Natale con la tosse e l’ampia superficie laterale del mio corpo esteso senza alcun livido ma fittamente maculata di dolori praticamente ovunque.
Se non fossi vivo e vegeto e non avessi la tosse direi che questa notte mi sono scontrato con un rinoceronte incazzato e, ovviamente, ne ho avuto la peggio.
Ma ce la faremo a sopravvivere, anche a questo. La cosa più difficile infatti non è alzare il culo dalla sedia appoggiandosi su ginocchia cedevoli, e nemmeno avviarsi verso l’area restauro alla quale si è soggetti prima di uscire, almeno da una certa età in poi.
La cosa più difficile è affrontare il primo Natale senza la mamma, senza la sua pasta al forno con le polpettine, le uova sode, il pecorino e la mortadella ma “leggera” perché fatta con il sugo di pomodoro fresco.
Senza la sua immancabile “sorpresa”. Senza una preparazione di quinto quarto del quale sono avido, senza il suo “Oihmmé lassale scire” quando mi permettevo di accennare ad una critica verso un qualunque comportamento delle mie figliole pretendendo di esercitare ancora la “patria potestà”.

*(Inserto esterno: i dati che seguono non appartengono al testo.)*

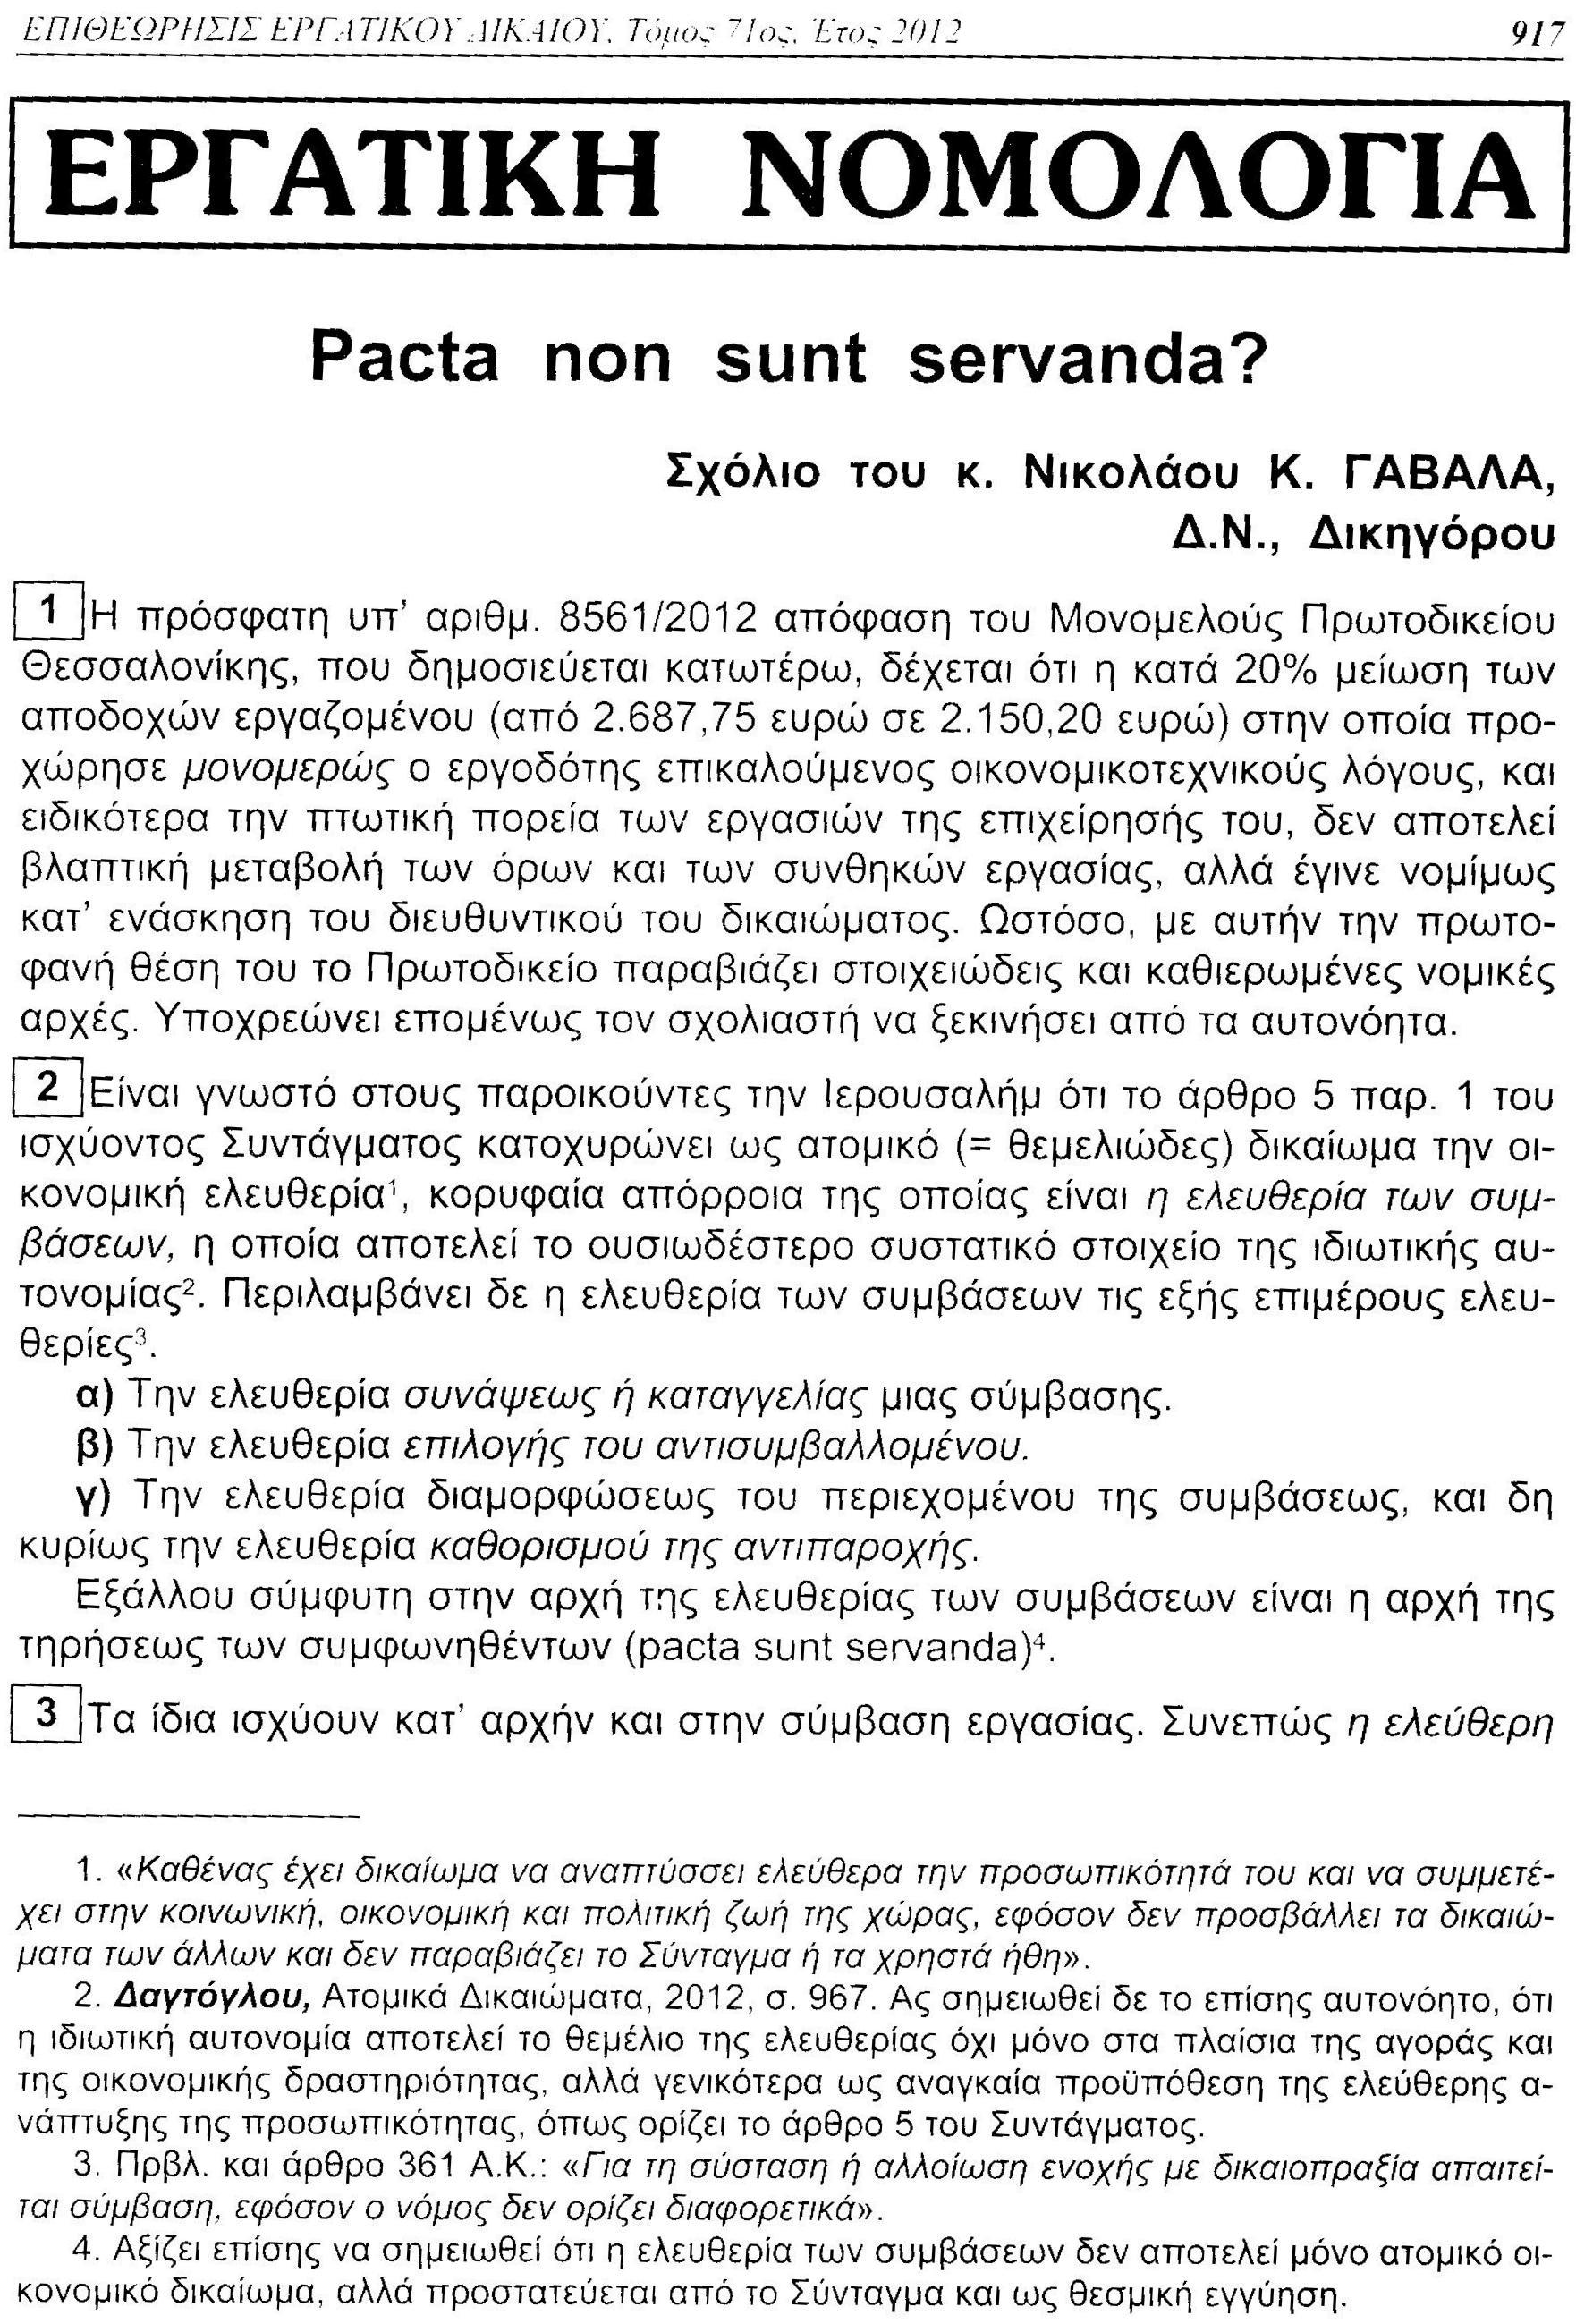 Gavalasp1

Adesso andrò a vestirmi e poi a trovare la mia sorella che occupa la casa di mamma per un trancio di queste vacanze, ci troverò mia nipote, ormai anche lei Dottoressa. Mia madre avrebbe detto: è il ciclo della vita, si nasce, si cresce e si muore. Ma io, forse, non sono mai cresciuto. E quando mi grattava la schiena con quelle sue mani devastate dalla fatica e dall’artrosi, sentivo la forza che si spandeva nelle vene, i problemi trovavano una soluzione e i sacrifici una sopportazione.

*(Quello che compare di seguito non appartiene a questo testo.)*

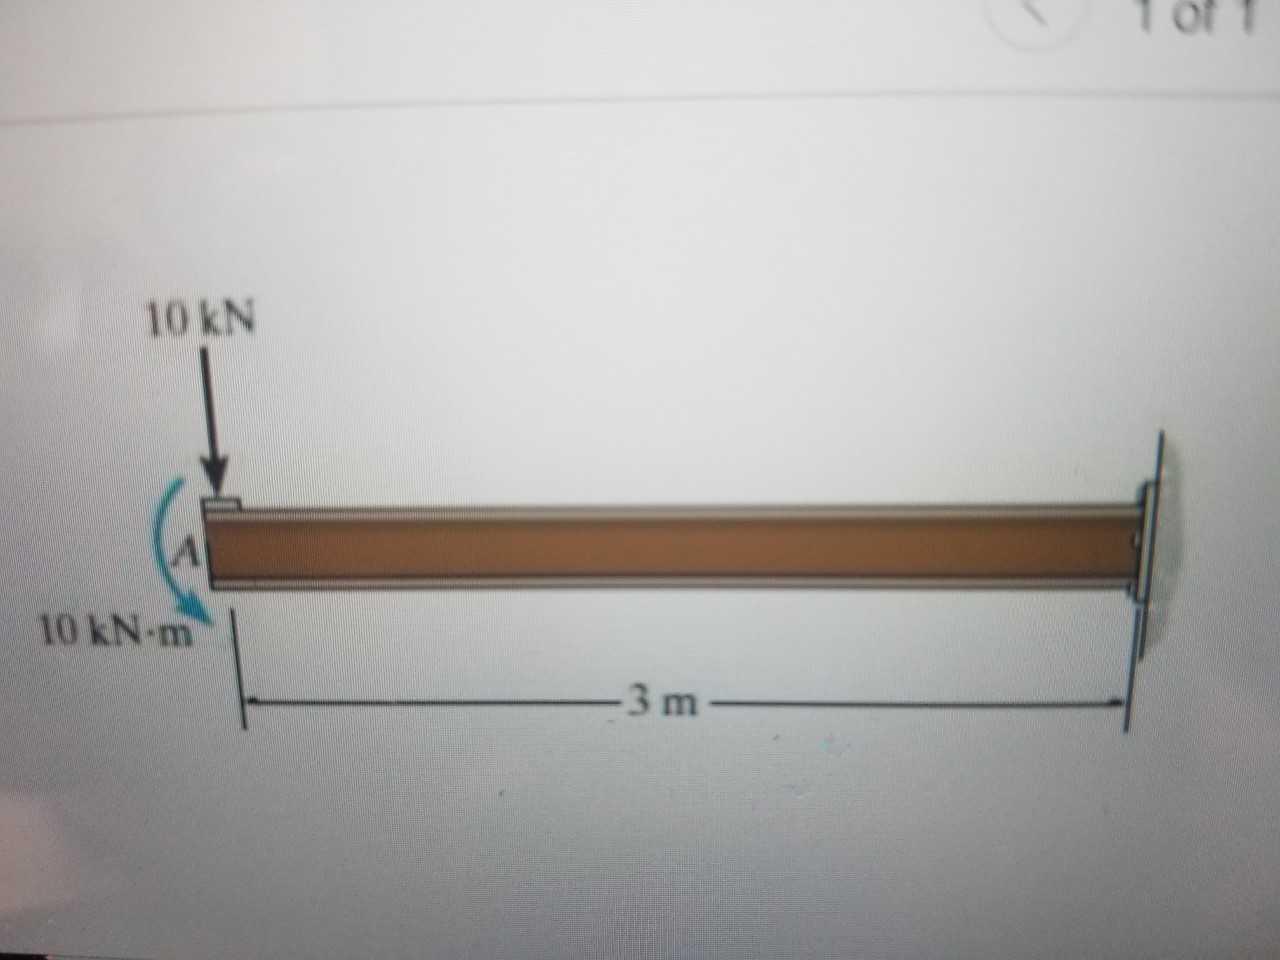 Tof 10 kN 10 kN-m

So bene che non è la fine della vita, per ora, e che problemi e sacrifici dovranno essere risolti e sopportati. Ma non ho “fatto” l’agnello quest’anno, non sapevo a chi portare la coratella e la testina. Né, per noi, lo farò mai più mamma Consiglia. Forse, se sarà possibile, lo farò quando potremo mangiarlo insieme al nonno Pancrazio, alla nonna Giorgina, a Papà, allo zio Pippi, allo zio Artemio, allo zio Idio, allo zio Maurilio, allo zio Antonio e a tutti gli amici e compagni che stanno dall’altra parte.
Che tu non ci credi ma’, ma non tenevo paura di morire prima e mo’ ancora di meno, anzi mi immagino che festa che faremo e lo zio Pippi, questa volta, l’agnello lo troverà “pulitu pulitu”, none comu quando scemmu a Ortelle ca me scirrai cu ni tagghiu la piciolla e me la ficera mangiare, sta fiata ni la fazzu mangiare iou.
Ora vado a farmi la barba che so che ti dava noia vedermi con la barba lunga nei giorni di festa.